Here are some posts I am thinking about writing
- switching a domain from google apps to appengine
- SQLite on android
- the datastore on java-powered app engine
- the emulator
- doing an http post from java / android
- recognizing you’re in the android emulator from java
- sharing code (or not) across android / appengine projects
- ui in android
- android location management
- google maps initiation
- svn hiccups
Wow, that sounds VERY interesting! And I hope it is.
Enjoy!
Earl
Posted in android, appengine, java, sqlite | No Comments »
August 7th, 2009
Maybe I should wait to write three of them, but if I worked for the onion, I think I would submit the following for consideration
- Study finds global warming caused by computers studying global warming.

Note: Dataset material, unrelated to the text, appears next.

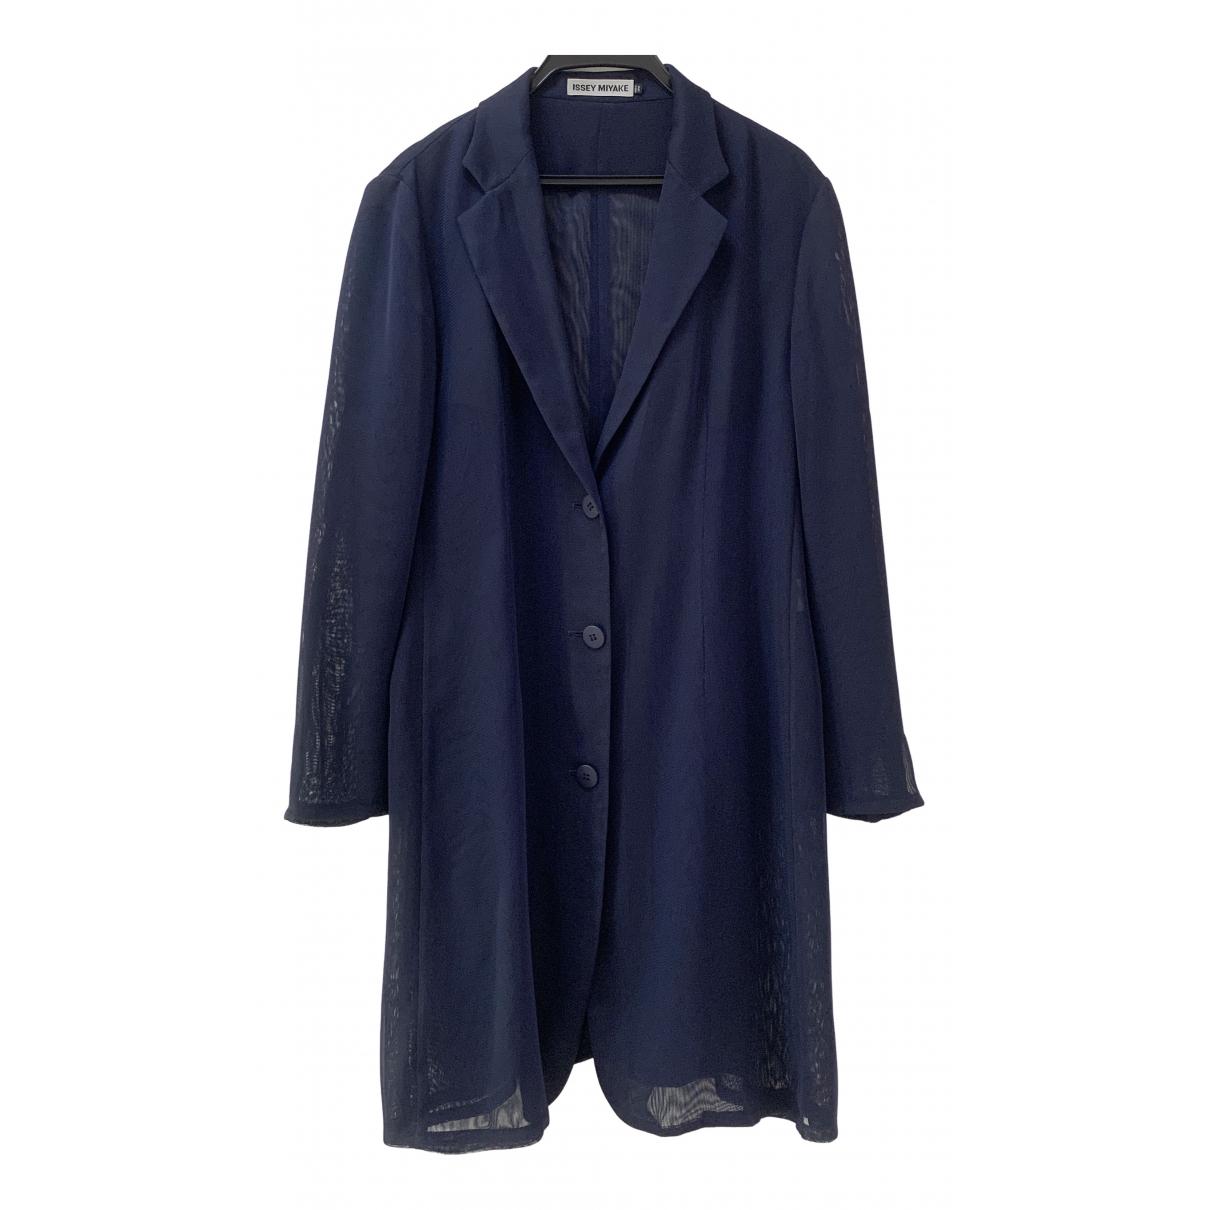 Issey Miyake \N Navy coat for Women One Size International
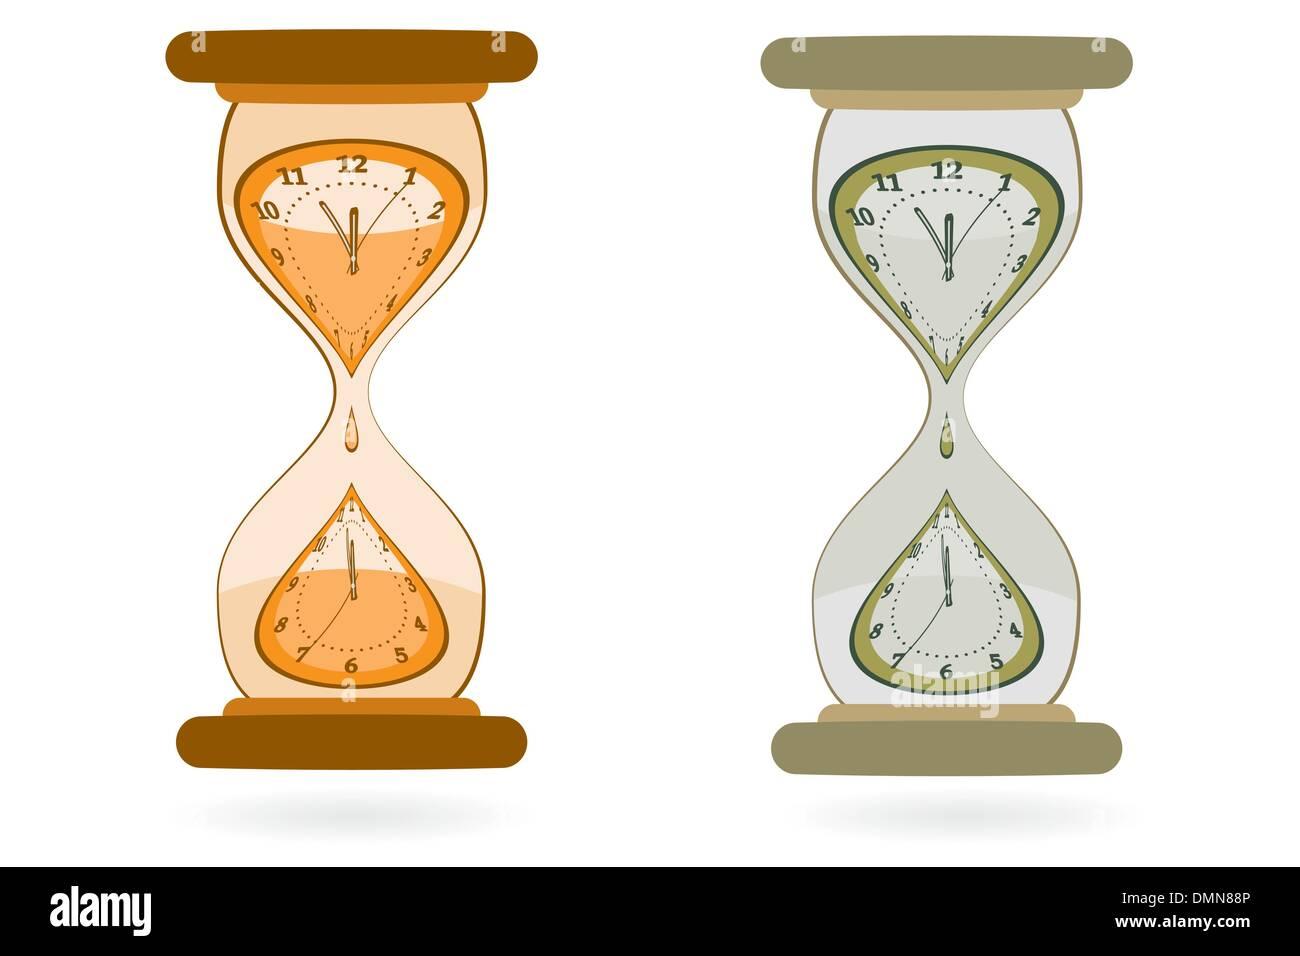 Hourglass with Wall Clocks - Stock Image

- Two NFL athletes move into training camp facility to fight for “first one to practice, last one to leave” title.
What do you think? Should I send them my resume? Maybe I’ll wait till I get a third one.
Enjoy!
Earl
Posted in Uncategorized | No Comments »
July 21st, 2009
So, I have a couple famous friends and one of them asked if I could write a little app that could help him send emails to folks on his totally legit email list. Well, since it is a totally legit email list, folks that really do want to hear from him, I felt pretty comfortable writing the app on google appengine. About a day after he asked for a little help, google released an offline taskqueue that could be used nicely for sending emails. Rather serendipitous, I thought.
Lesson in non-engineer customers: sometimes they want you to do things that you think you can’t do, but with a little effort you can. My friend said he would like to just maintain spreadsheets in google docs for who to send to, then have my program look at the spreadsheets and send accordingly. I was like, “yeah, I don’t think we can do that.” We started to discuss how to maintain the email list just with my app, how to keep things in sync, how to query for users in a certain country or state, etc. Messy. Well, turns out using the gdata api, I can authenticate a user, talk to google docs, allow the user to pick a spreadsheet / worksheet, then pull stuff like email addresses. Awesome!
Took a few nights, but I have something up and running. My friend says he will give me some nice powered by links when he sends and I am hoping for a blog post here or there.
If you happen to have a totally legit email list (very serious about that part) and would like to trade some sending help for some publicity / marketing, please drop a line to cahille AT yahoo DOT com.
Enjoy!
Earl
Posted in Uncategorized | No Comments »
June 30th, 2009
For ages I have been meaning to add some sort of search to mycomparer. Well, we’re live! I spent may four hours total on it over two nights, and implemented the following features
- walk through each word in the query and search categories and += matching categories
- walk through each word in the query and check against upcs
- walk through each word in the query and check against affiliate ids, like searching by asin
- good old full text search via mysql
I did the first three the first night, and started the full text search. Here’s what I had to do.
- Create a table
- CREATE TABLE sh_product_my_text (
product_id INT NOT NULL,
FOREIGN KEY (product_id) REFERENCES sh_product(id) ON DELETE CASCADE,
my_text TEXT NOT NULL,
FULLTEXT(my_text),
timestamp TIMESTAMP NOT NULL DEFAULT CURRENT_TIMESTAMP
) ENGINE=’MYISAM’;
- then in my shopping db population process, I populated the table with some product stuff
- I change a query like “computers netbook -wireless” to “+computers +netbook -wireless”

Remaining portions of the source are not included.